Nach ein paar Minuten blieben sie keuchend stehen und lehnten sich schwer atmend an die Wand.

„Puh!! Gerade noch mal gut gegangen. Hast du gesehen, wie viele das auf einmal waren? Die hätten uns platt gemacht…“

„Die blöden Kaffer!! Dreckspack. Die tauchen immer in Rudeln auf, weil sie sich allein nicht trauen. Aber dem Sack haben wir´s gezeigt.
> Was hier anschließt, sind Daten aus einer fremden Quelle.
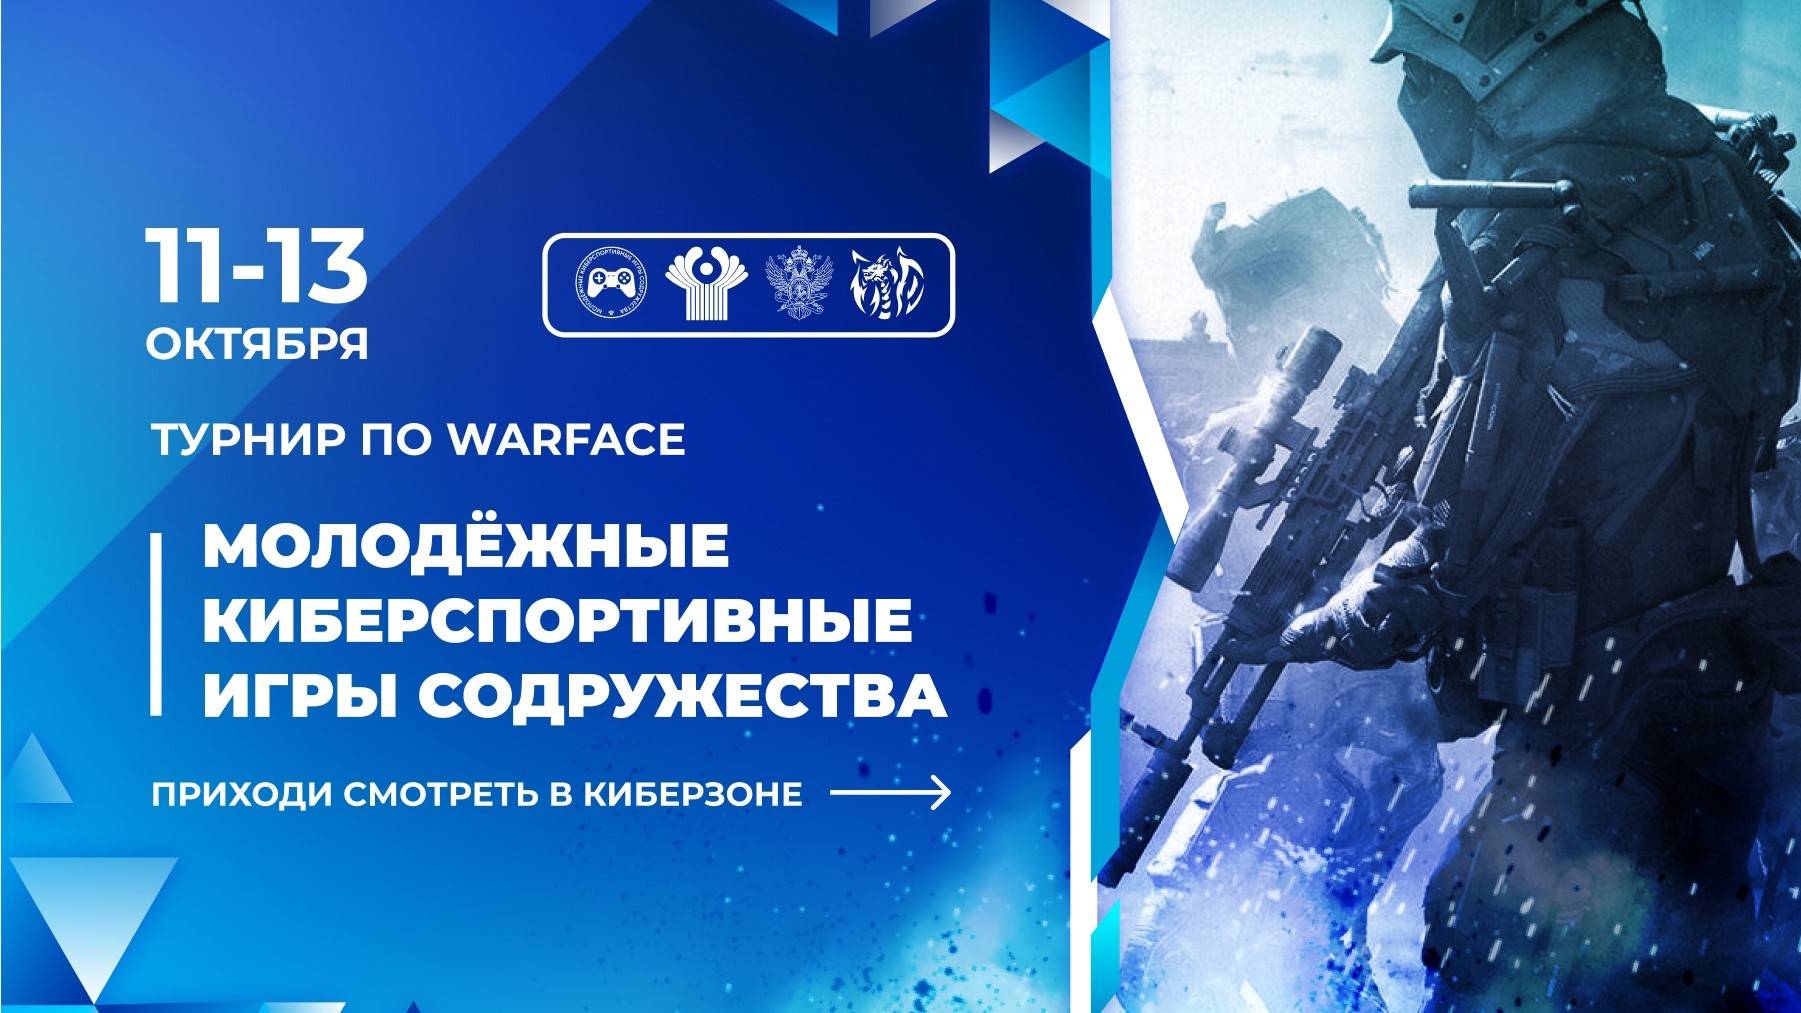 Молодежные киберспортивные игры содружества по дисциплине Warface | Финал

Der kotzt noch ein paar Tage...hoffentlich fallen ihm die Eier ab!“

Roland war kurzatmig und quetschte die letzten Worte abgehackt heraus. Ein diabolisches Grinsen überzog sein Gesicht, als er keuchend Klaus anstarrte. Als ihr Atem sich beruhigt hatte, schlenderten sie langsam die engen Gassen hinauf bis zum Rathausplatz. Es war bereits halb zwei, aber immer noch waren etliche Menschen auf den Straßen unterwegs. Es schien, als ob es keine Nacht mehr gab. Die 24-Stundengesellschaft kam nicht mehr zur Ruhe und man zog den traurigen Schluss, dass das auch nicht gewollt war. Die Jugend hatte ihren Spaß daran, gab es doch kaum noch ein reglementiertes Zeitlimit. Roland und Klaus kamen nach Hause, wann sie wollten. Keiner fragte mehr danach. Sie fanden ihr Leben wunderbar frei – zumindest was ihr Zeitvolumen betraf.
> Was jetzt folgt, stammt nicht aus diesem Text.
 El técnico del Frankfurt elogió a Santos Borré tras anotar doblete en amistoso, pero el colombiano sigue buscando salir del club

„Schau´n wir doch noch ins ´Mo´. Vielleicht sind die anderen noch da,“ schlug Roland vor.

Das ´Mo´ war eine Szenekneipe, in der sich die Gruppe des Öfteren traf. Wenn sie sich aus irgendwelchen Gründen verpassten, war es sicher, den einen oder anderen dort zu treffen. Das hatte sich in der Vergangenheit so eingespielt und es klappte mittlerweile ganz gut.

Als sie die Kneipe betraten, empfing sie eine Wolke aus kaltem Zigarettenqualm und einer Beschallung wie in der Disco. Die Kneipe war gesteckt voll und sie drängelten sich durch die Menge. Klaus sah Rosi und Marianne in einer Ecke stehen und mit irgendwelchen Jungs quatschen. Rosi bemerkte Klaus als Erste und wedelte heftig mit dem Arm. Als sie endlich vor den beiden Mädchen standen, war ihnen heiß geworden. Eine unglaubliche Wärme schien von den Menschen auszugehen und man hatte den Eindruck, dass die Abluftanlage den Geist aufgegeben hatte. Die meisten standen im T-shirt herum, obwohl es bereits Herbst geworden war.

„Warum wart ihr denn nicht in der Disco? Wir haben ewig gewartet…“ schrie Roland. Der Geräuschpegel schien permanent zuzunehmen.

Marianne zuckte die Schultern.

„Keine Lust gehabt. Hier ist es besser.“

„Hättet ihr ja gleich sagen können, dann wären wir gleich hergekommen.“

Marianne grinste leicht und hauchte ihm einen freundschaftlichen Kuss auf die Wange.

„Warst wohl einsam ohne mich, was?“ hauchte sie ihm ins Ohr. Roland wurde tatsächlich rot, aber schüttelte heftig den Kopf.

„Quatsch!!“

„War´s wenigstens gut?“ fragte sie.

Klaus grinste breit.

„Klar. Ein paar Mülleimern hat´s nicht so gefallen.“

„Mülleimer? Was für Mülleimer?“

„Ach, ein paar Kebabfresser meinten, sie müssten Stress wegen ein paar Mädels machen. Da haben wir sie flachgelegt. Schwuppdiwupp, und weg waren sie.“

Er grinste immer noch, schnalzte mit den Fingern und sah Roland an, der auch ein hämisches Grinsen aufgesetzt hatte.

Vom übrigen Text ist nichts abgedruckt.